2009 Beach to Battleship Race Report
The Battle(ship) is won! (Part 1)
B2B Take 1 —
After nearly two decades of competing in adaptive sports, you’d think there really wouldn’t be much left for me to try. But life has a funny way of directing certain types of people (OK, I’m talking about me) toward new and difficult challenges. In late 2007, as my fortieth birthday appeared on the horizon and I was refocusing my energy on making 2008 a successful, positive and enjoyable year, a full page ad for the inaugural Beach to Battleship Full and Half Ironman Triathlon jumped from the pages of Triathlete magazine and caught my eye.
The race appealed to me for many reasons. It was going to be staged in Wilmington, NC, and I jump at any chance I get to head to Wilmington and Wrightsville Beach. The course seemed friendly to a physically challenged athlete like me. And did I mention I like challenges? Enough said.

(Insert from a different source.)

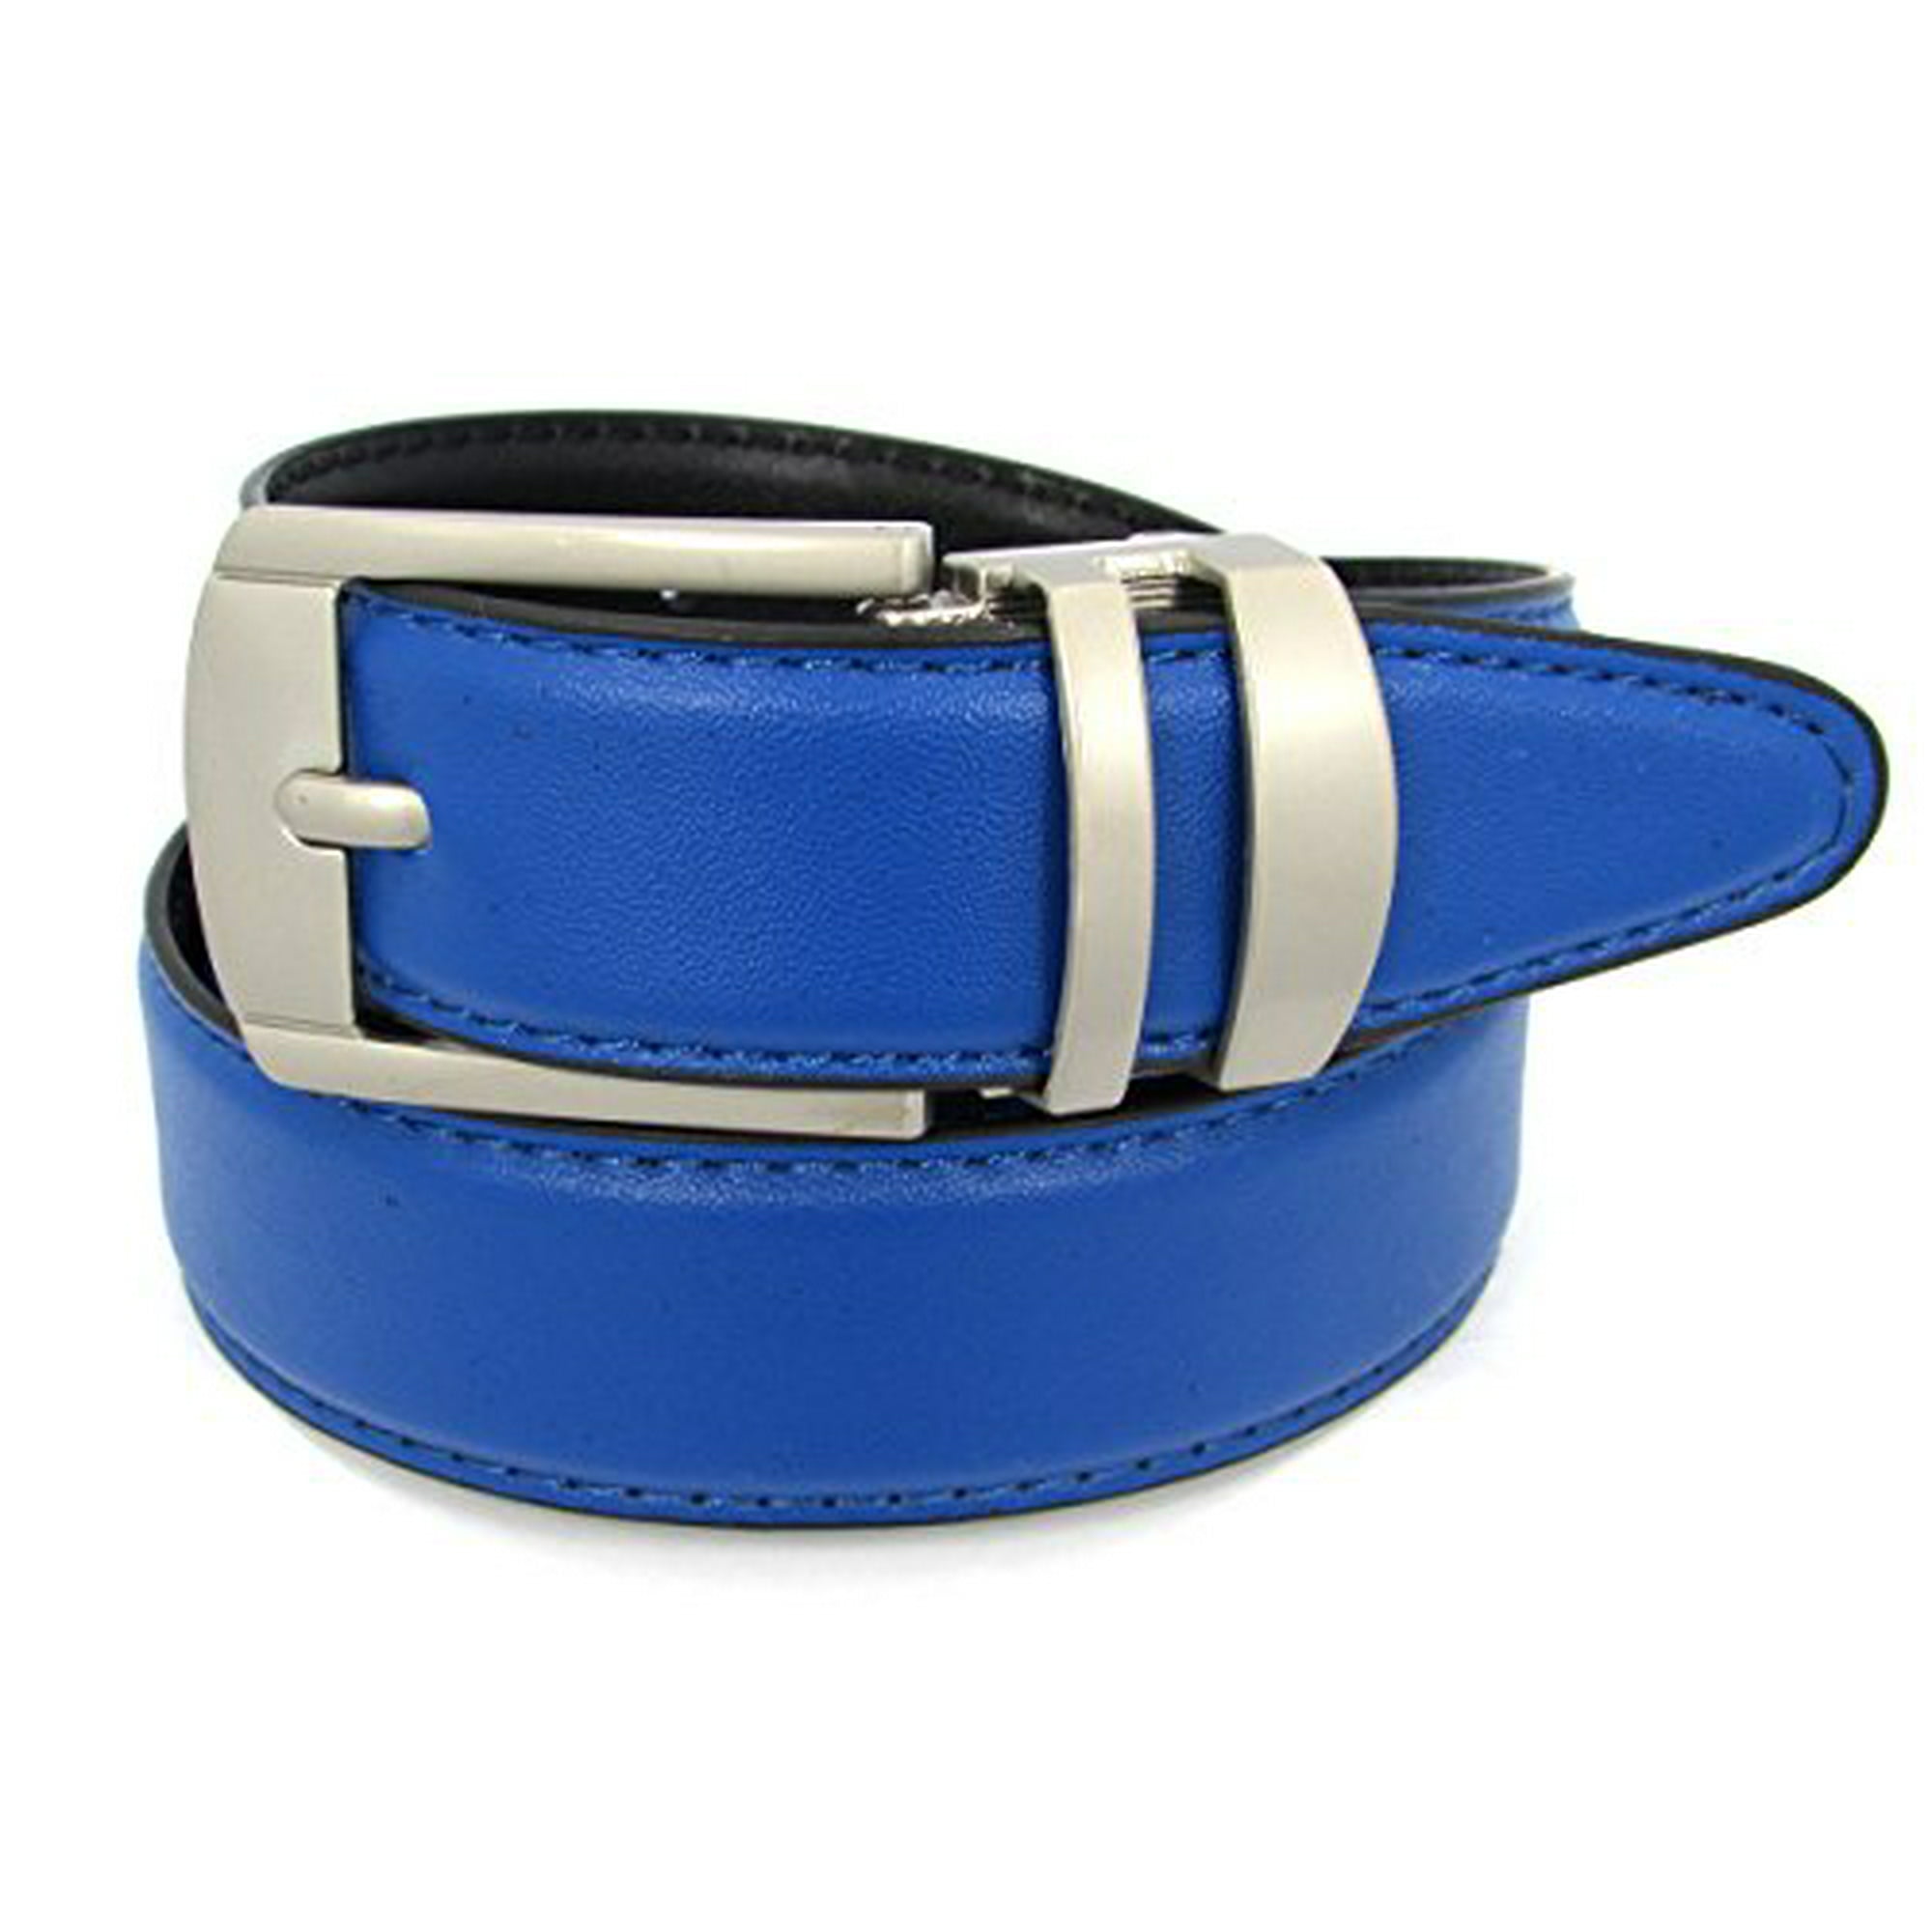 30mm reversible belt with

Believe it or not, the date of the event had a unique meaning to me, too. If my calculations were correct, and memory served me, I realized that I would be completing the swim segment of the race at just about the same minute that I broke my neck. That thought, in itself, seemed like hook enough to get me to register. I thought exiting the Atlantic Ocean after swimming over a mile would be far better than how I did it (i.e., on a stretcher) 18 years earlier. So I tore out the page, stuck in on the fridge for motivation and began counting the days until registration opened.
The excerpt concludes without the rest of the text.